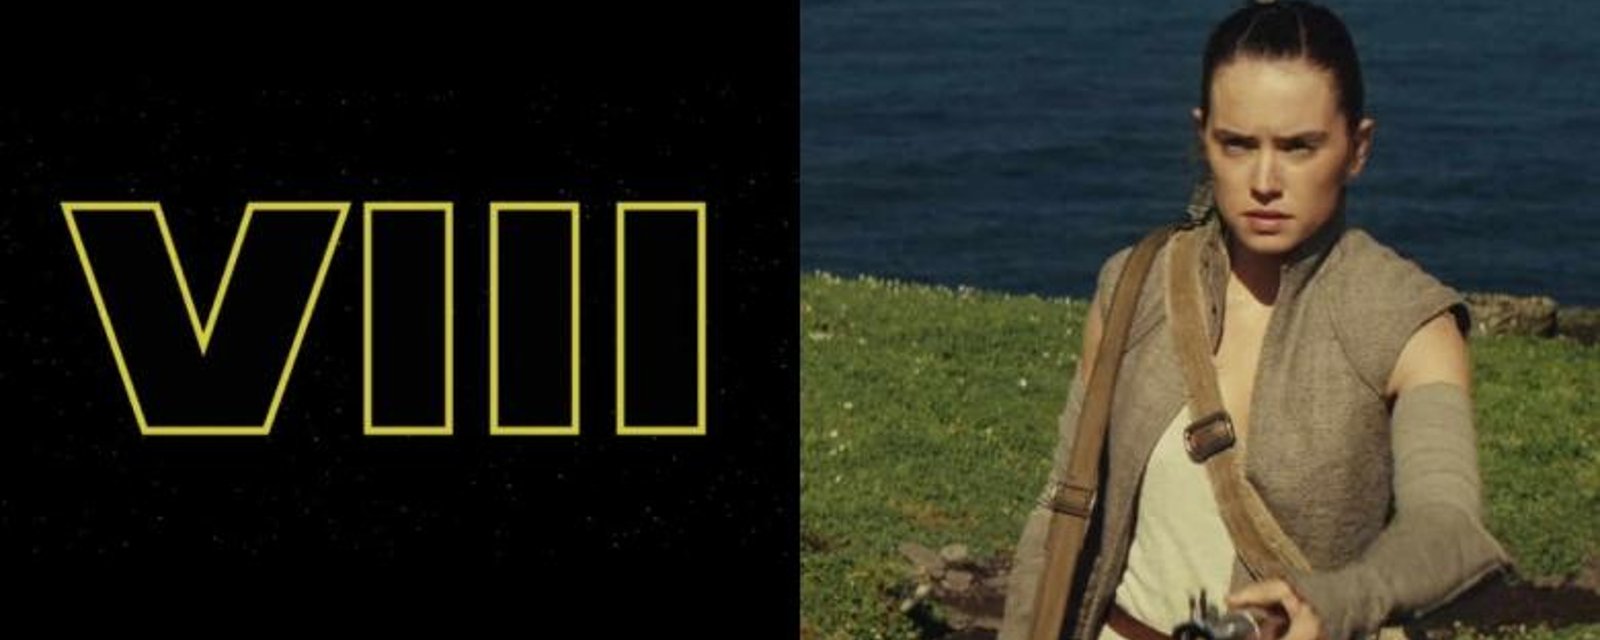 ARRÊTEZ TOUT: Voici les premières images du tournage de Star Wars 8!
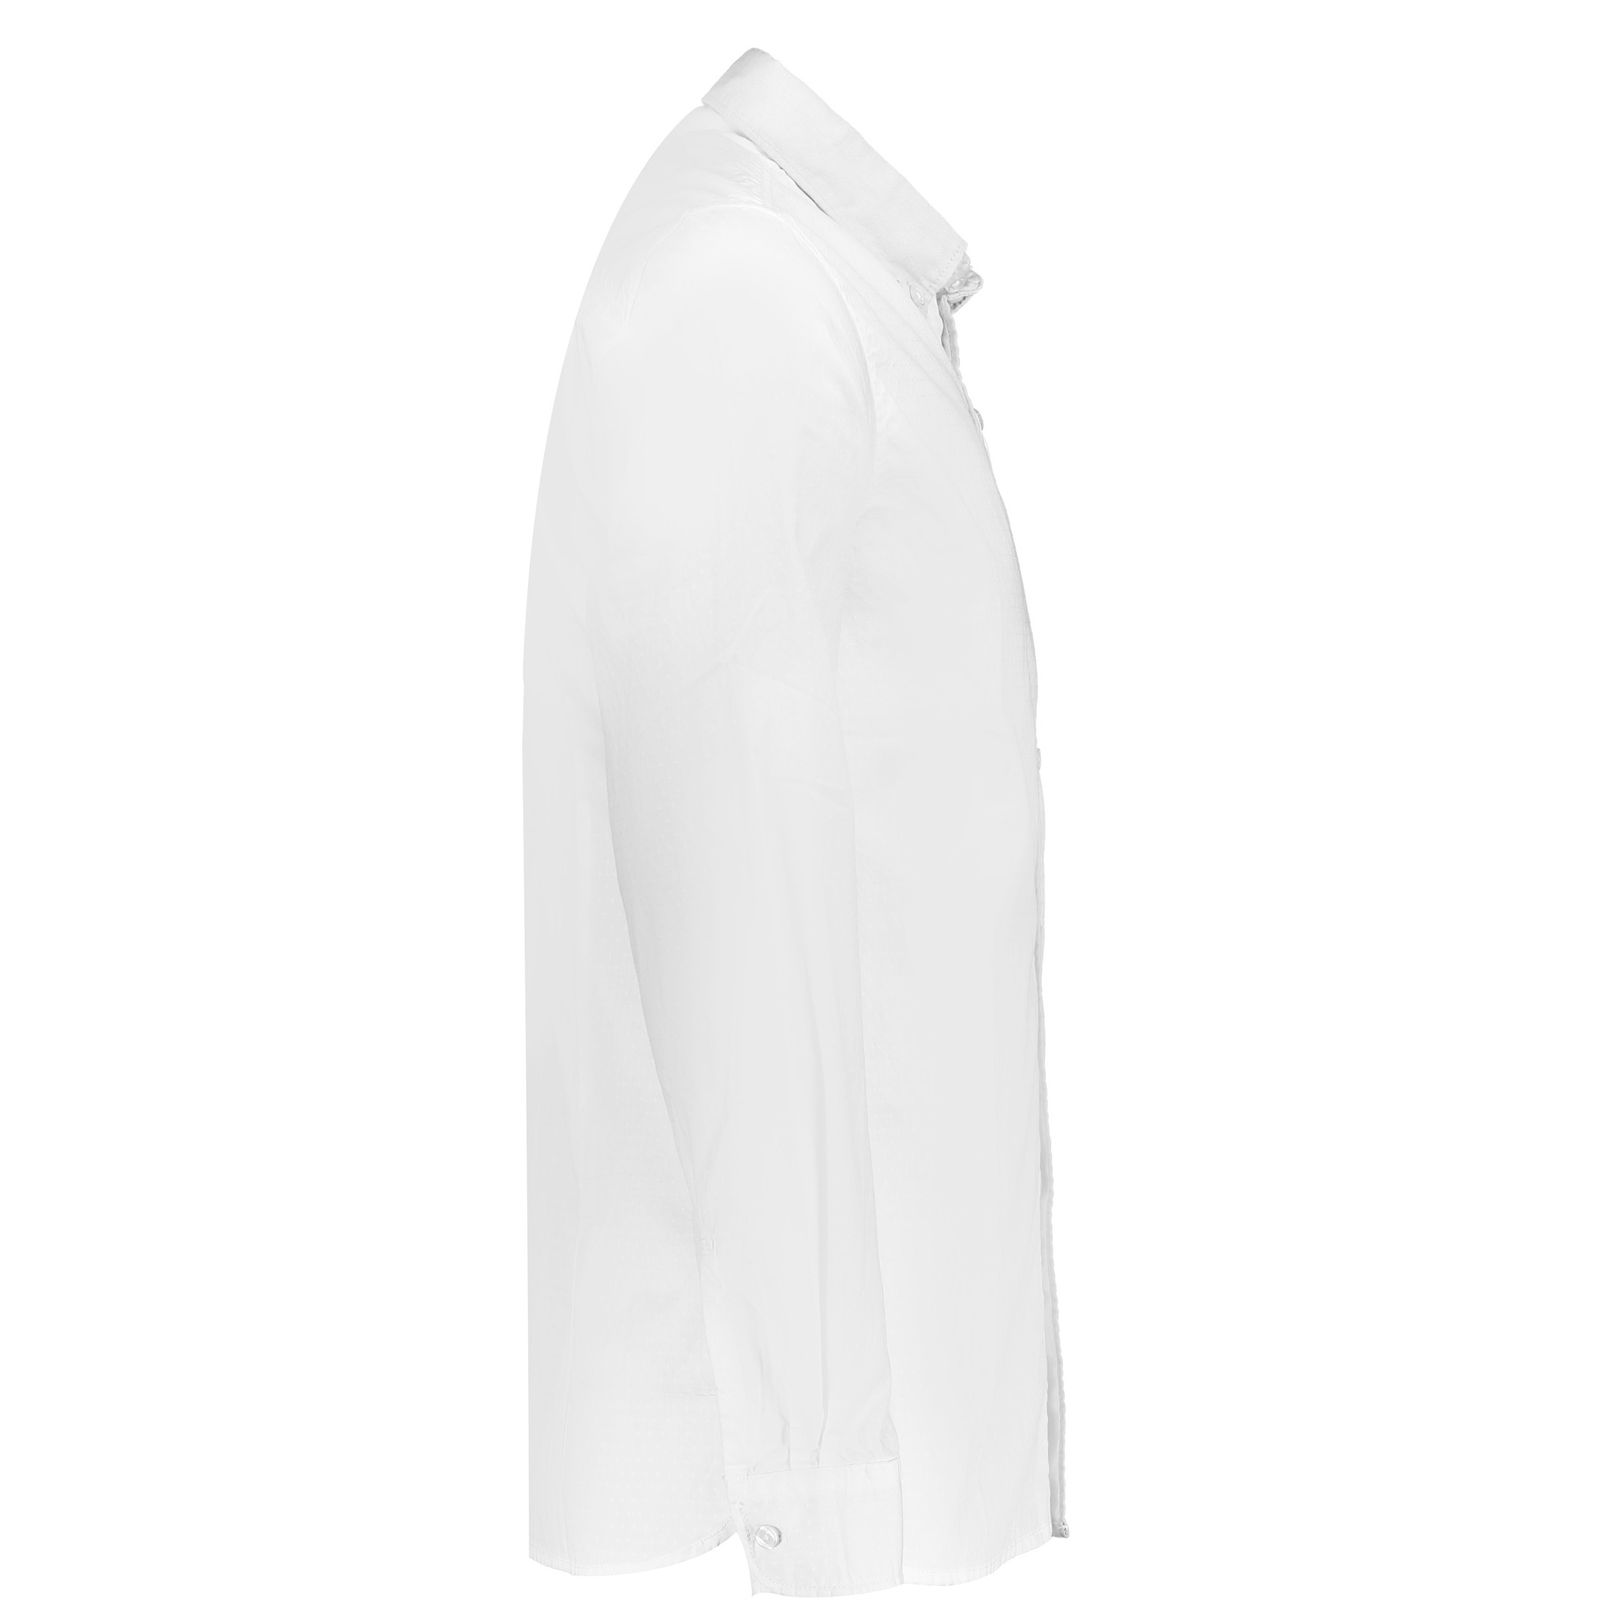 پیراهن مردانه اسپرینگ فیلد مدل 1506544-99 - سفید - 3
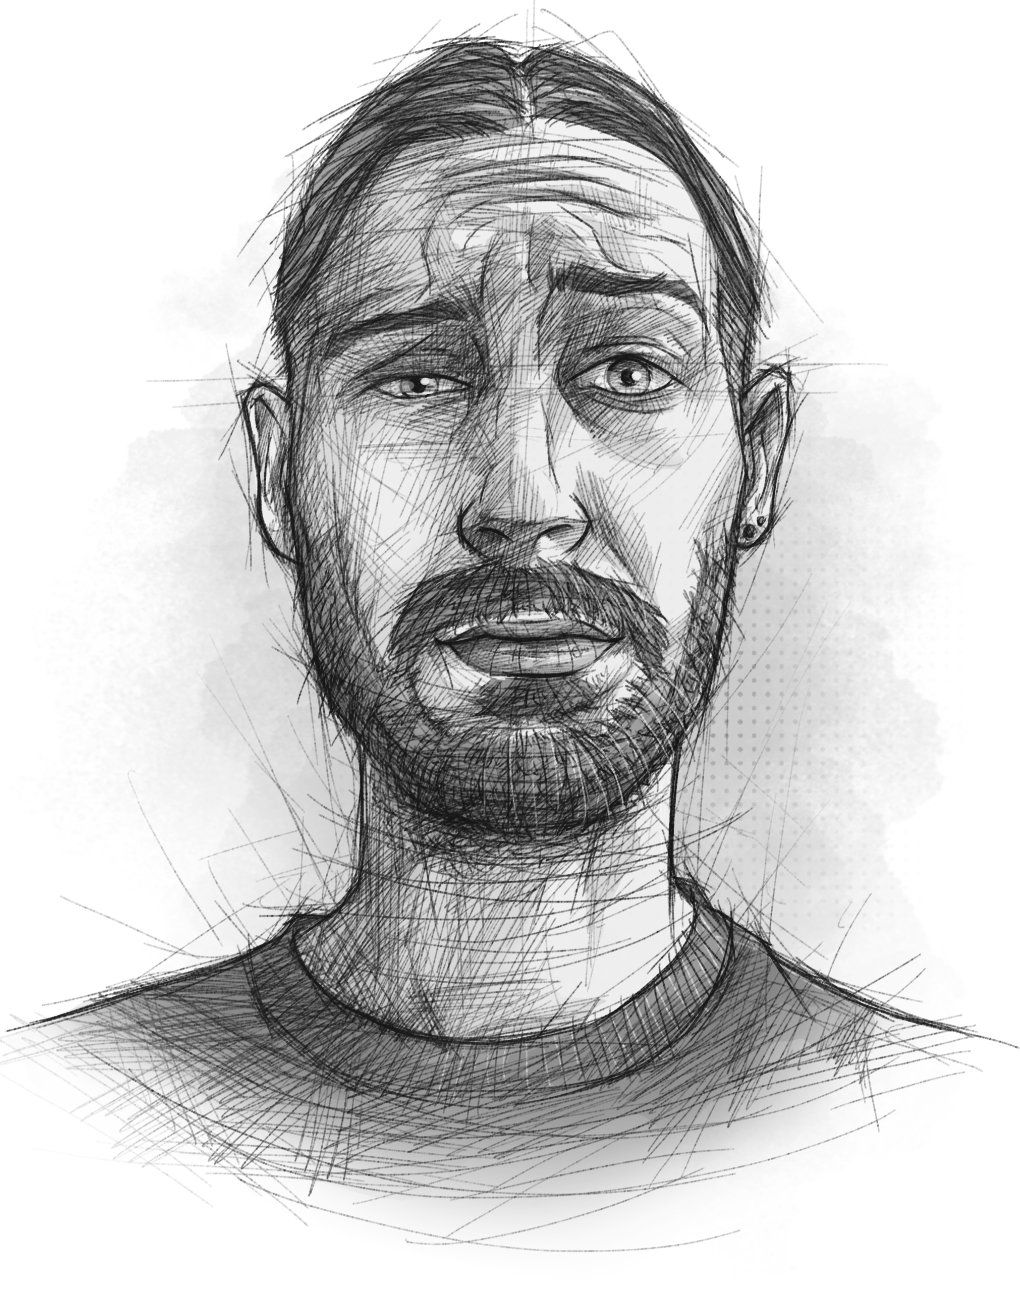 Ein skizzenhaft illustriertes Selbstportrait, das den Illustrator mit Grimasse mit verdutzten Blick zeigt
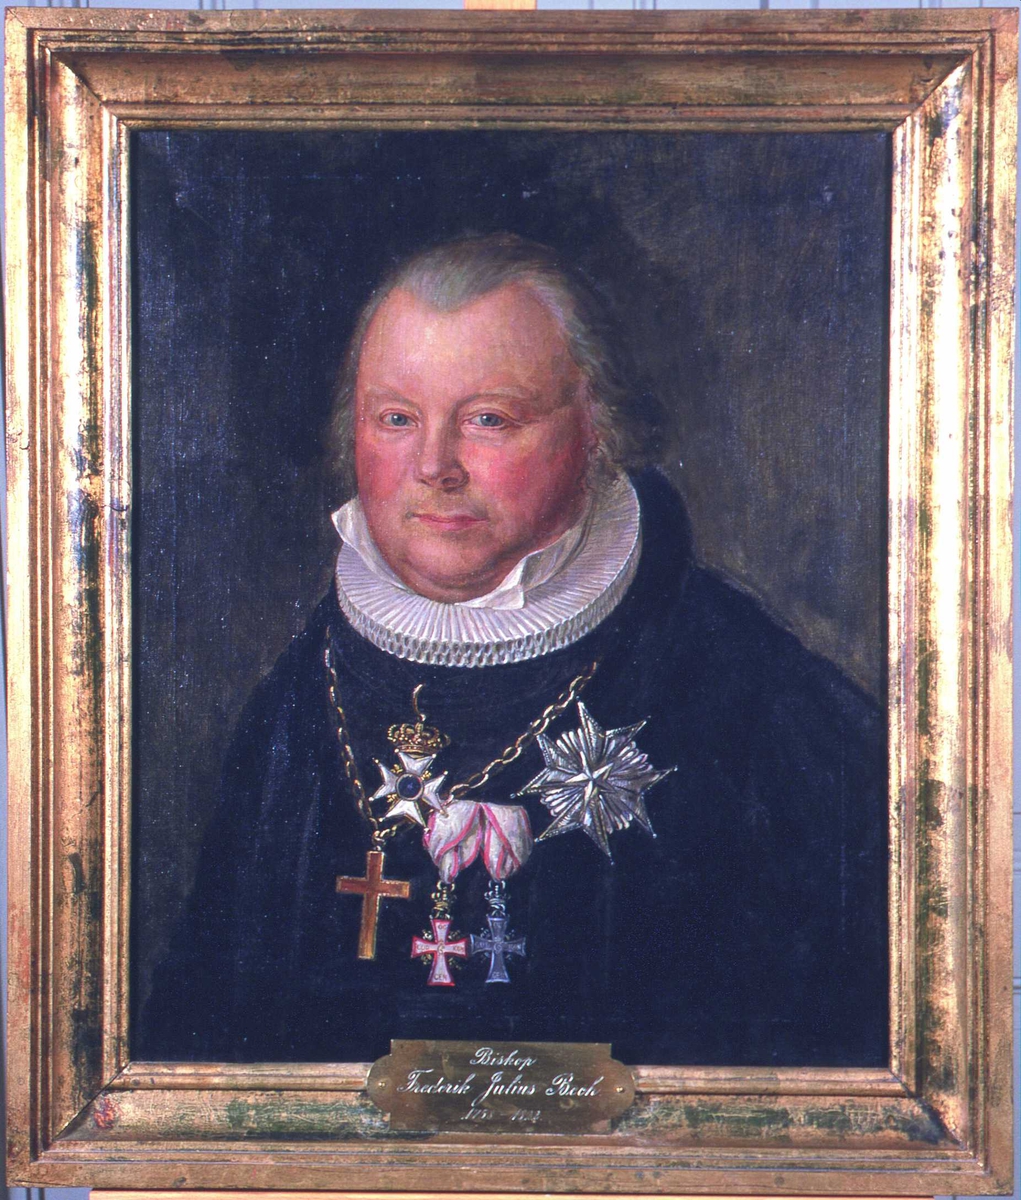 Portrett av biskop Frederik Julius Bech. Grått hår. Kledd i prestekappe og -krave. Kors og ordener. 
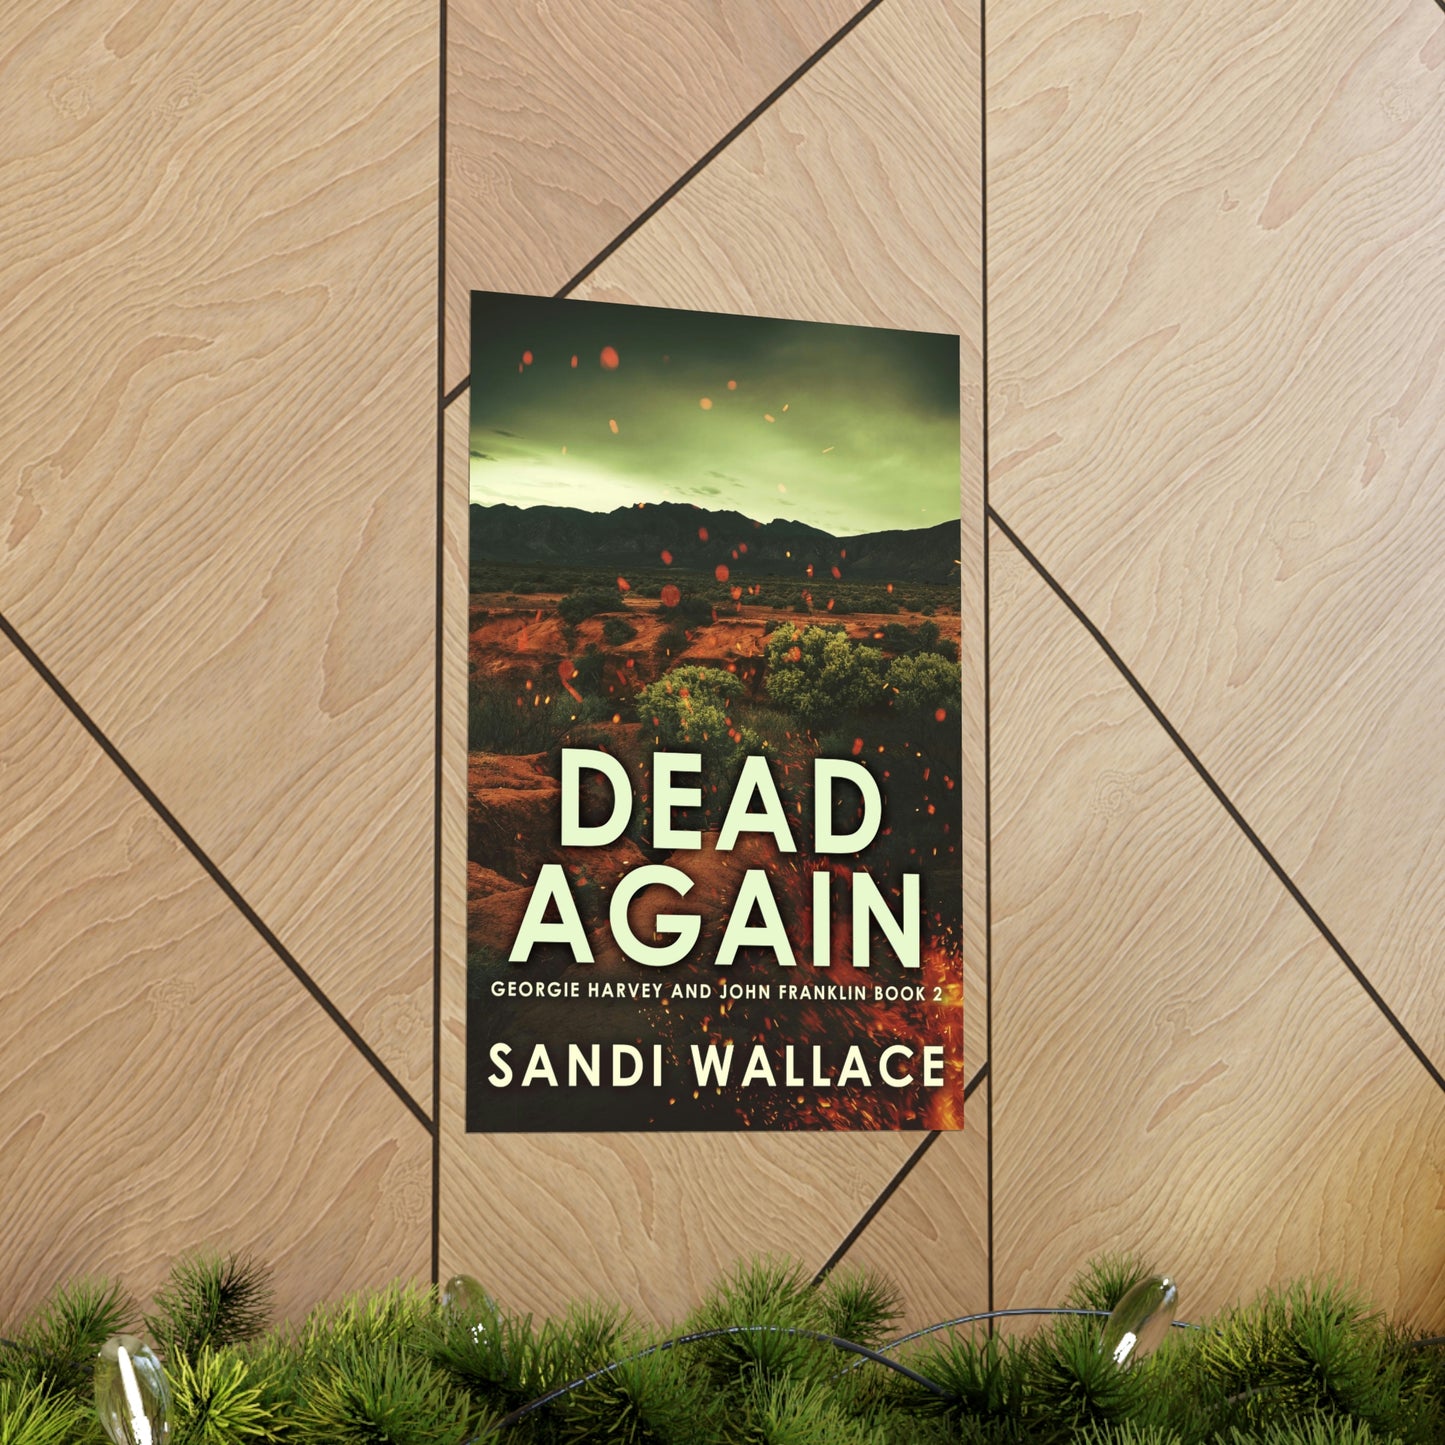 Dead Again - Matte Poster

******

Exercise:
Return the whole listing, word for word, and leave out every picture.

Result below:
 ARRÊTEZ TOUT: Voici les premières images du tournage de Star Wars 8!
 پیراهن مردانه اسپرینگ فیلد مدل 1506544-99 - سفید - 3
 Ein skizzenhaft illustriertes Selbstportrait, das den Illustrator mit Grimasse mit verdutzten Blick zeigt
 Portrett av biskop Frederik Julius Bech. Grått hår. Kledd i prestekappe og -krave. Kors og ordener. 
 Dead Again - Matte Poster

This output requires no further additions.